I read that they are plentiful
in the Everglades, hunted
as an invasive species, which
probably stands to reason
since our hatred is by now

of Biblical proportions, and we
have learned to love goats,
so, it is the snake that now
is consigned to be the source
of all our errors and failings.

And were that not enough,
you cannot trust what a snake
says for obvious reasons, but you
must ignore that the hummingbird
beloved by all, also has a forked tongue.

SABBATH

Fourth floor, Antwerp Hilton,
night encasing the Schelde,
ragout of boar and claret
slowly regurgitating, I pause
ancient words, stutteringly said,
hand on my head a shoddy cover
two parts of eight fully remembered
one section only in part,
turning East or a best guess.
I ask nothing, or perhaps too much
it is hard to know, CNN International
offers no clue, no guidance,
head bowed, knees bent
the carpet has a burn hole,
Ani, I am, I do hear
I always hear, now rest
and share my peace.


First Appeared in Oasis: A Literary Magazine, Vol. 6, No. 2, October-December 1997.

BELLY OF THE BEAST

From within the belly of the beast
Sheol is a placid place, removed
from the waves rattling the timbers,

silent of the cries of the men
berating their fate, uncertain
as to the cause of their discomfort.

Let Nineveh burn, lets its people
scatter to the streets, let the King
stare out at the destruction and wonder.

He should need no prophet, no seer,
no interpreter of dreams to know
why all about him lies in ruin.

Inside the belly of the beast
it is warm, and comforting,
a womb from which one

should have no desire to be
cast out upon the land, or to drown
in the swirling waters of the angry sea.

There is only the hunger in the bowels,
and the blackness of a thousand nights,
a blackness darker than the shade

of the tree, which withers in the heat,
of the waters which disappear
before quenching the endless thirst.

Within the belly of the beast
there is no sound, no voice
to draw forth thoughts, no dreams

to disrupt the sleep that will not come,
only the void and the silence
and the cries that echo off baleen walls.

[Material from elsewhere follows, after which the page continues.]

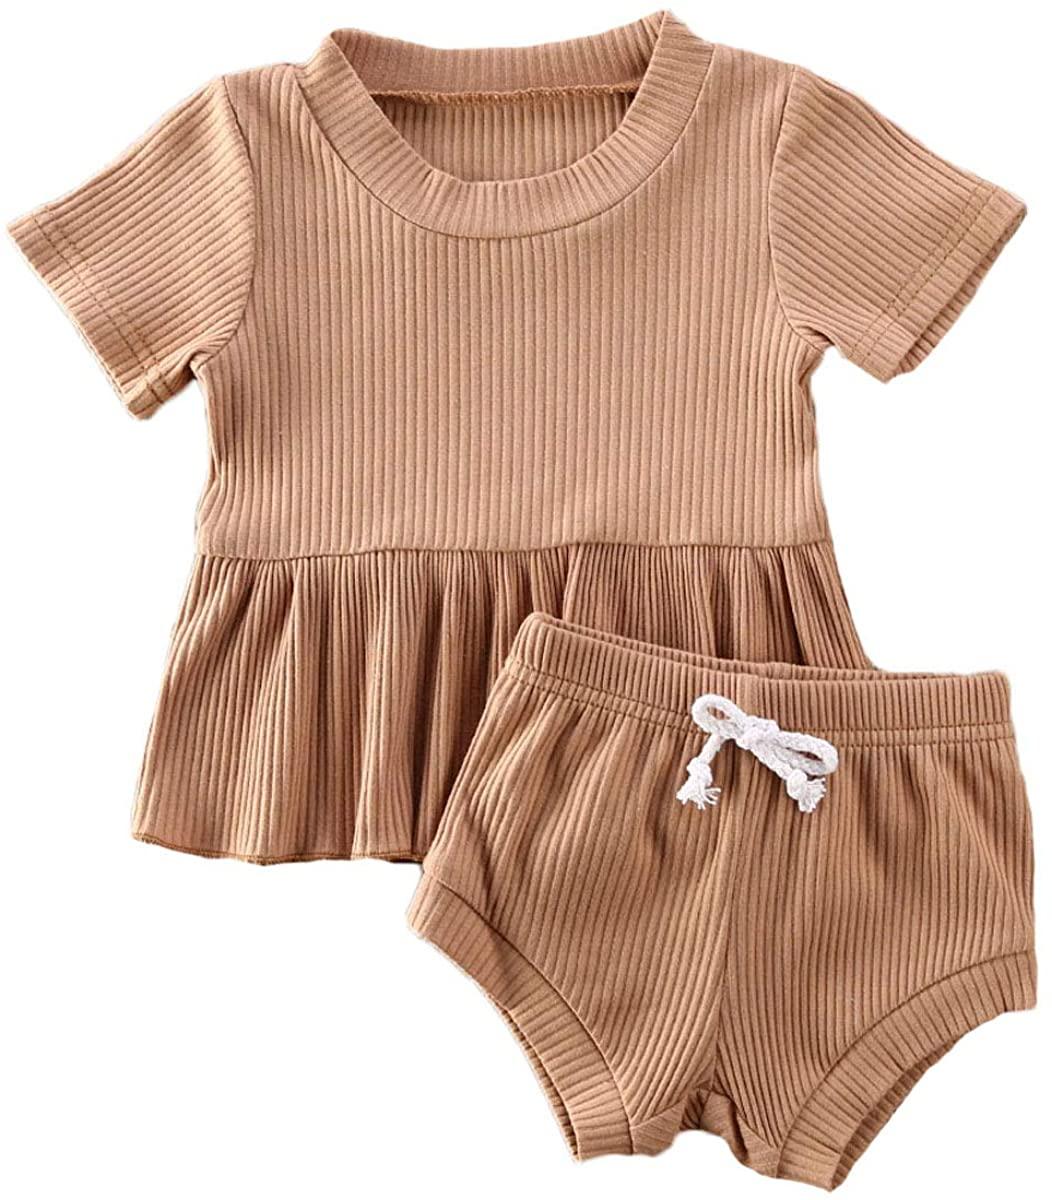 Toddler Baby Girls Ribbed Cotton Ruffled Shirts Tops + High Waisted Shorts Pants Baby Girl Clothes Set

Nineveh lies in ruin, Sodom a pillar
of salt, the walls of Jerusalem lie
a jumble of stones, the oil of the lamp

seeps into the arid ground, and only
the weed springs forth to mark
the graves of the forgetting people.


First Appeared in A Writer’s Choice, Vol. 2, No. 1, Spring 1999

OH, NOAH

It has rained for uncounted days on end
and we half expect one of our neighbors
to begin building an ark, so we look
through the falling drops for pets to line up

in double file ranks, seeking selection
for a journey they know must be coming.
Overhead, the dove sits in the maple
knowing his time to star will soon arrive

but unsure where there could possibly be
a Russian olive tree within flight range
but then, as the sewer drains overflow
he knows any branch will complete his work.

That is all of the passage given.